— Чай замечательный. Давно я не пил такого.
Алиция задумалась.
— У нас с чаем тоже было трудно. Достать можно было, но за большие деньги.
Сказала — и сразу пожалела, что так необдуманно, из-за такого пустяка сравнила свою жизнь на свободе с его жизнью там, в лагере. И чтобы загладить неловкость, торопливо сказала:
— Знаешь, я встретила Франека Подгурского.
Косецкий не выказал никакого интереса.
— Он очень рад, что ты вернулся. Он уже знал об этом.
— Знал? — Косецкий поднял голову. — От кого?
— Почем я знаю? Наверно, кто-нибудь тебя видел.
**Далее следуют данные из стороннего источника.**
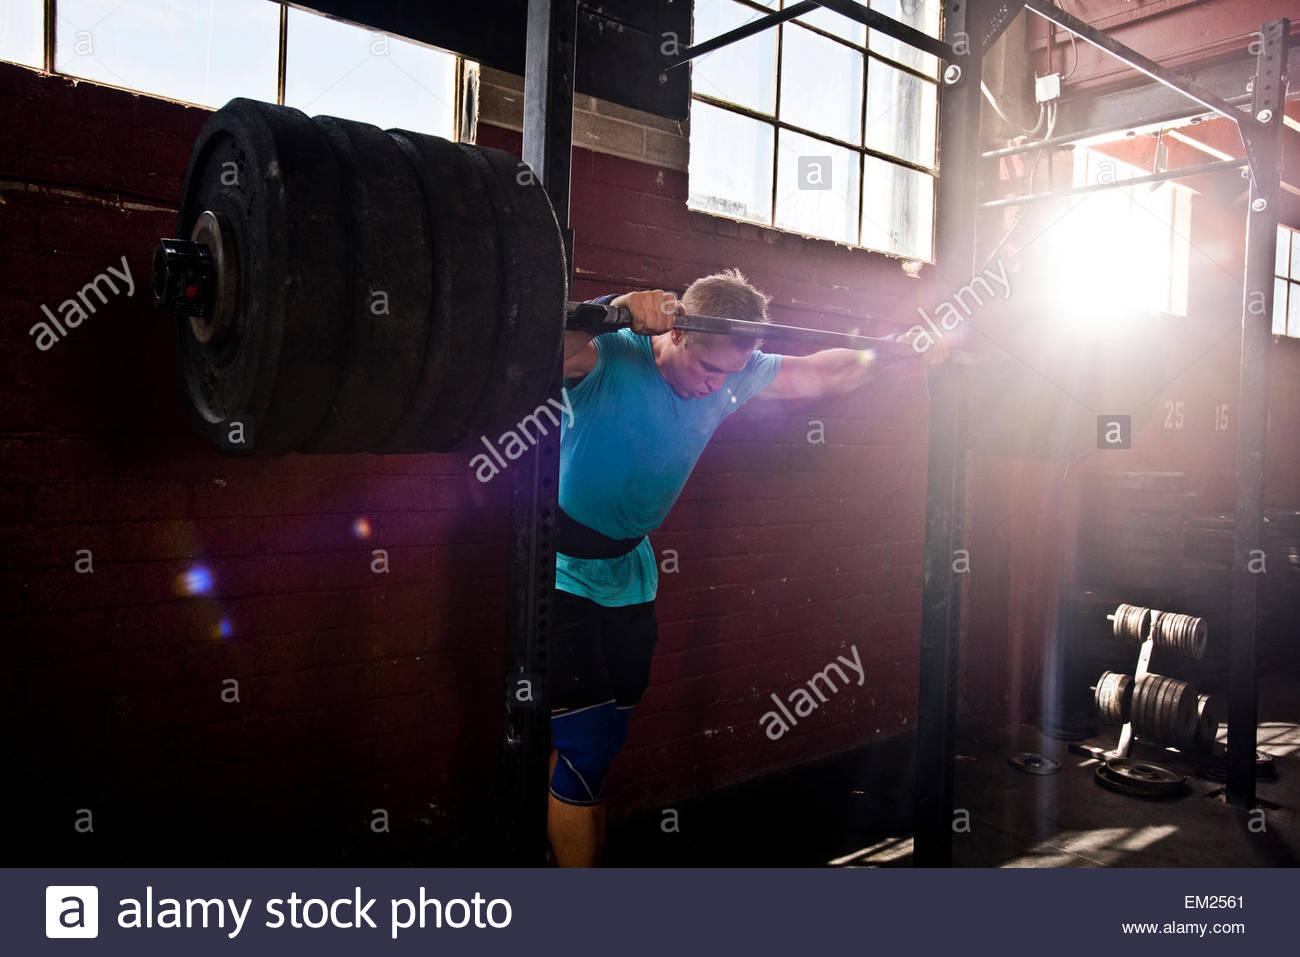 Un athlète crossfit se prépare à l'accroupissement. Photo Stock

Сам знаешь, как это бывает.
Косецкий снова взял чашку.
— Может быть.
Алиция подошла ближе.
— Он все время скрывался…
— Кто?
— Подгурский.
— А, Подгурский!
— Он хочет с тобой увидеться.
Антоний ничего не сказал, только наклонился над газетой и подпер голову рукой так, что заслонил лицо.
— По-моему, надо его принять, если он придет, — неуверенно сказала Алиция.
Косецкий встал, резко отодвинув стул.
— Я уже говорил, что не желаю никого видеть! — закричал он, но тут же взял себя в руки и уже спокойней прибавил: — Во всяком случае, пока.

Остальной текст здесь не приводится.